■ **Task directions**
Extract, exactly and without pictures, every line from the one that includes "WHITE Studded Square-Toe Sandals, image 2" through the final line of the material below.

[Opening Recorded data section]

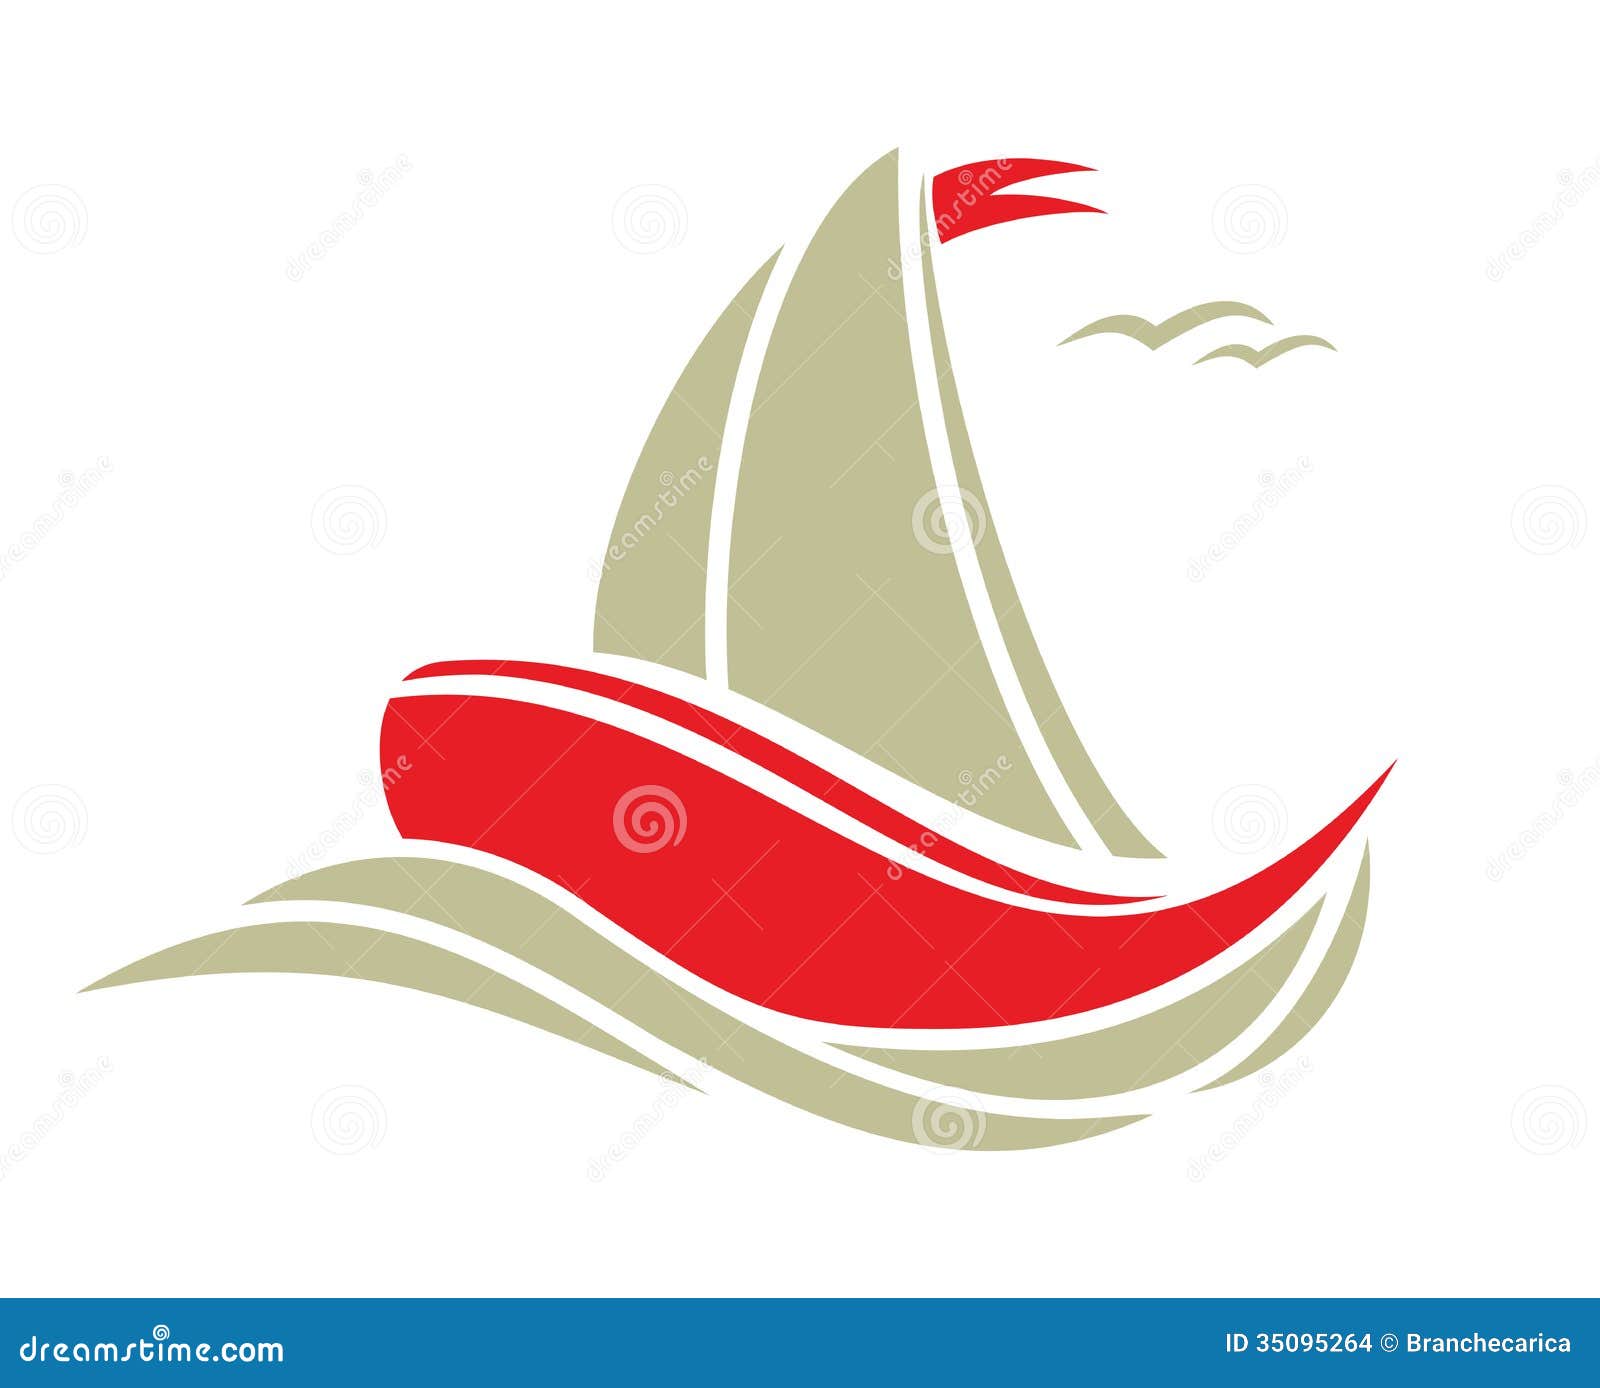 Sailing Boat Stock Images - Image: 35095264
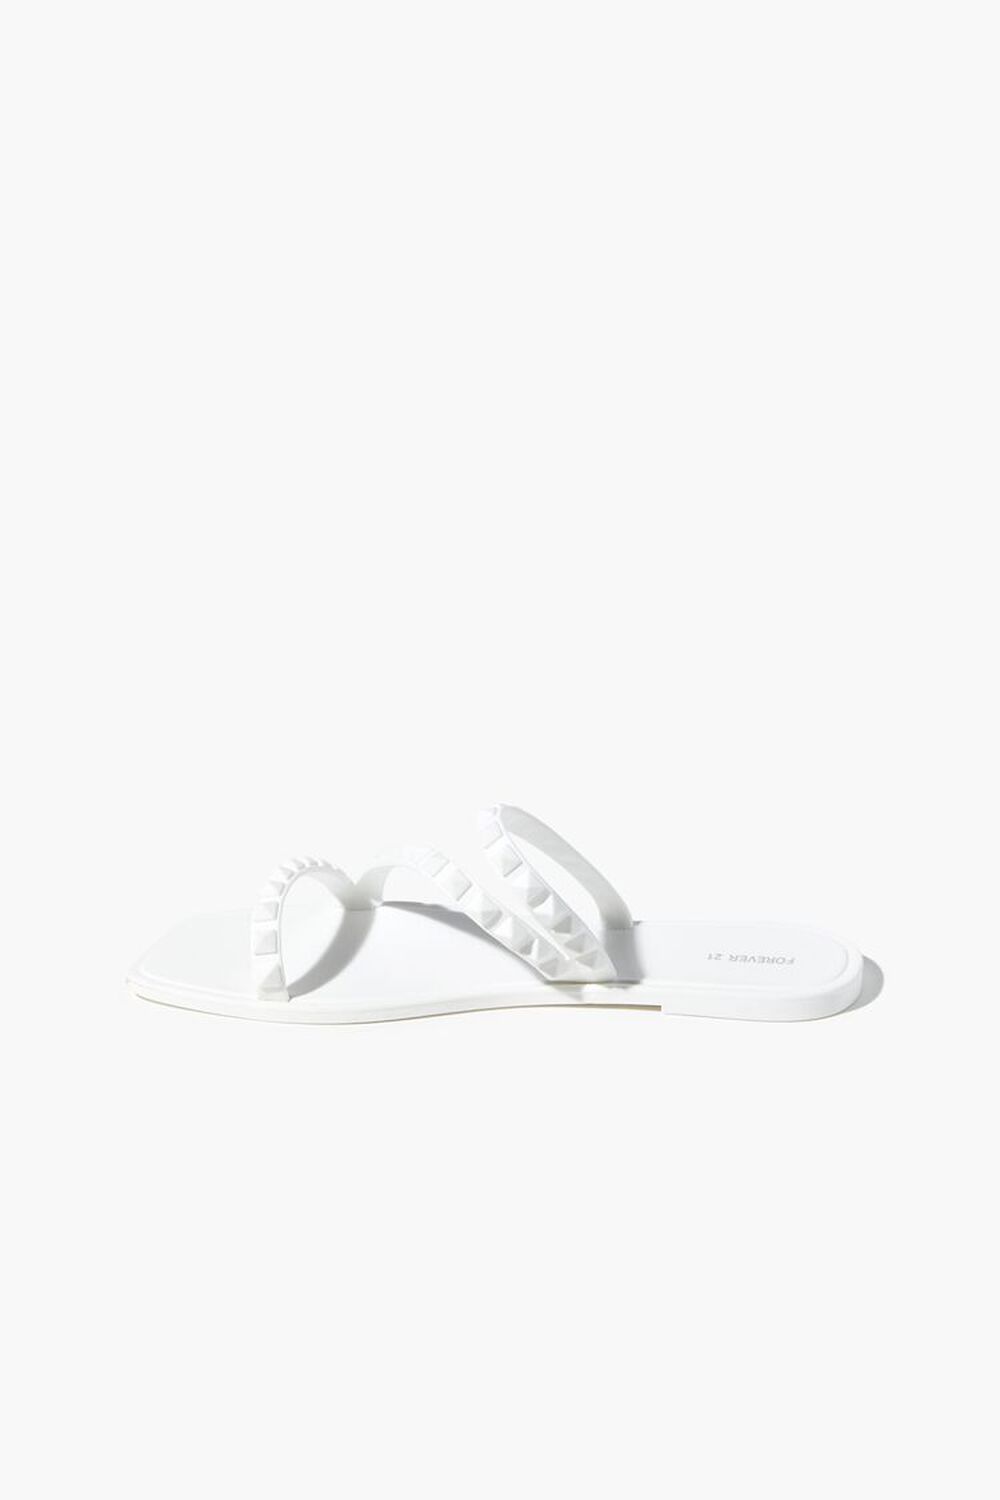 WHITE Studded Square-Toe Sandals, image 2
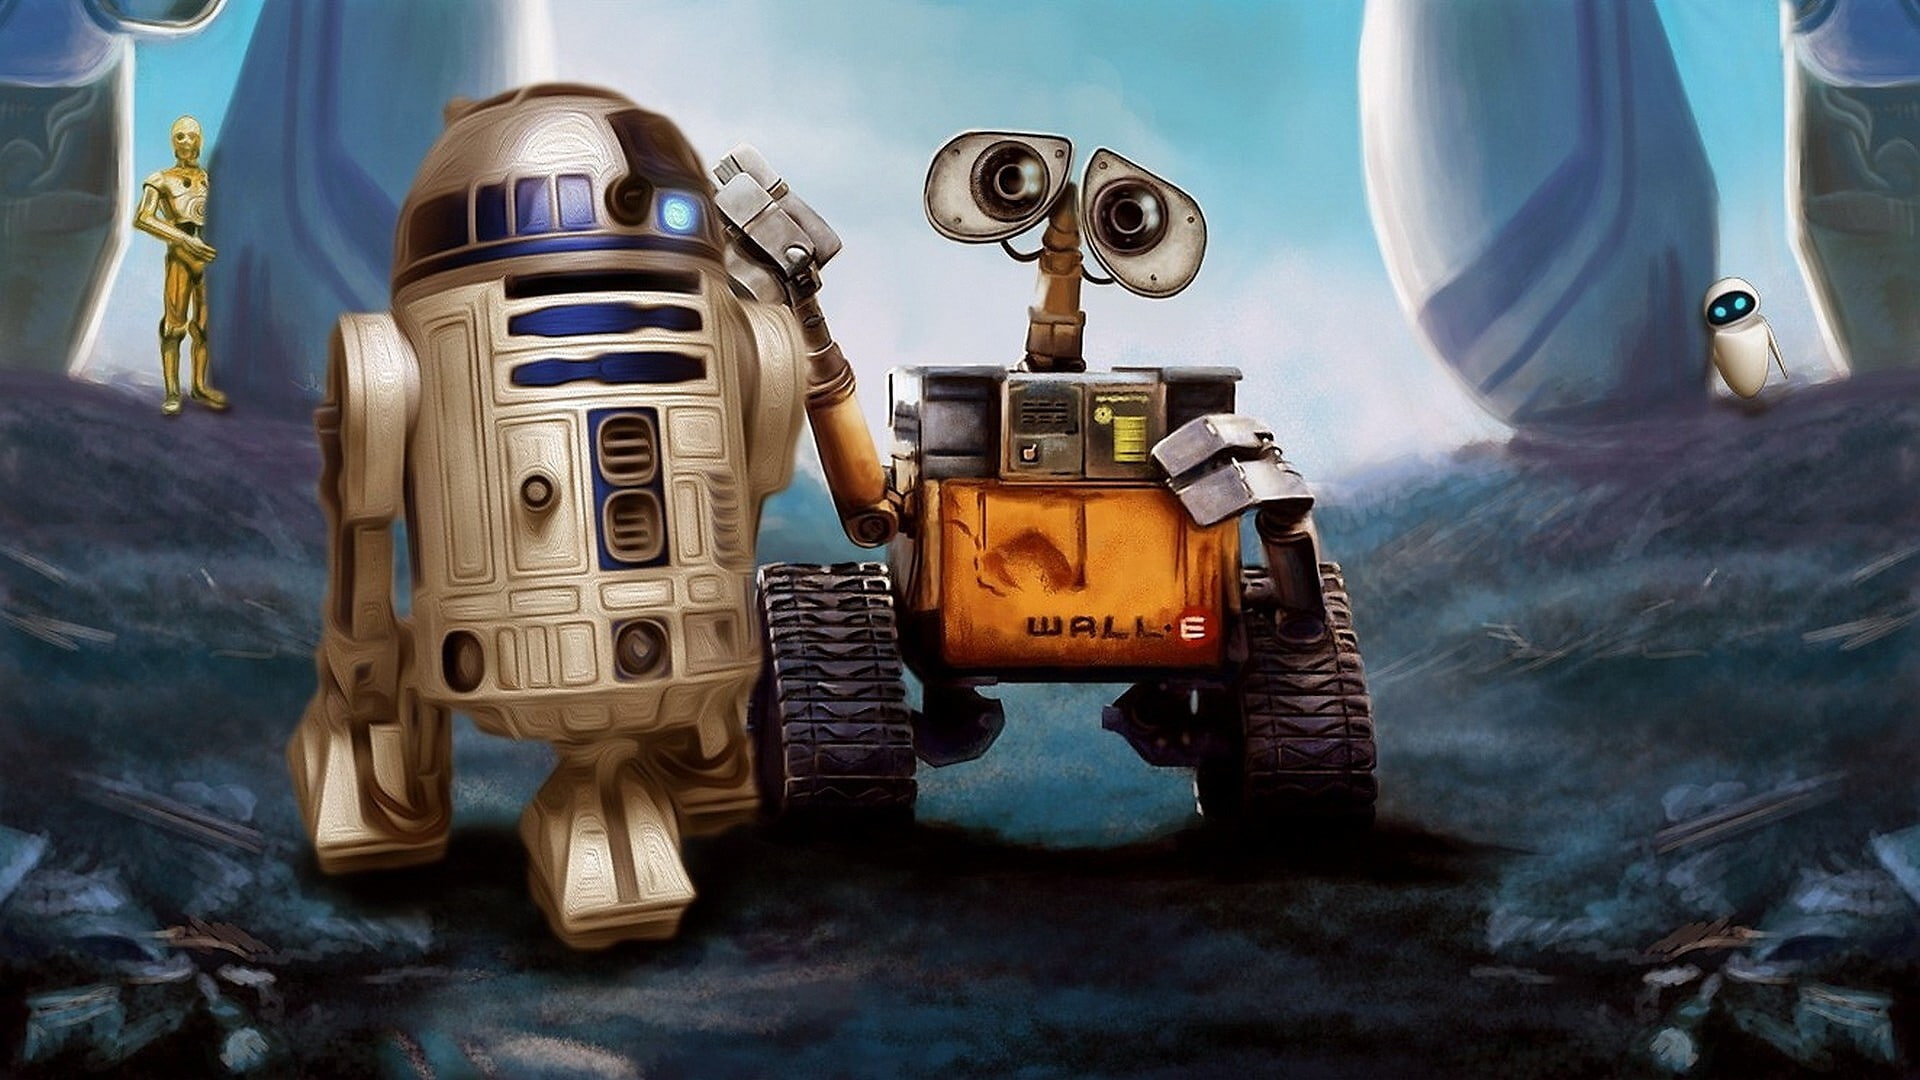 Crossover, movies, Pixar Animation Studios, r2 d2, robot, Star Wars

[Closing Recorded data section]

■ **Your solution**
 WHITE Studded Square-Toe Sandals, image 2
 Crossover, movies, Pixar Animation Studios, r2 d2, robot, Star Wars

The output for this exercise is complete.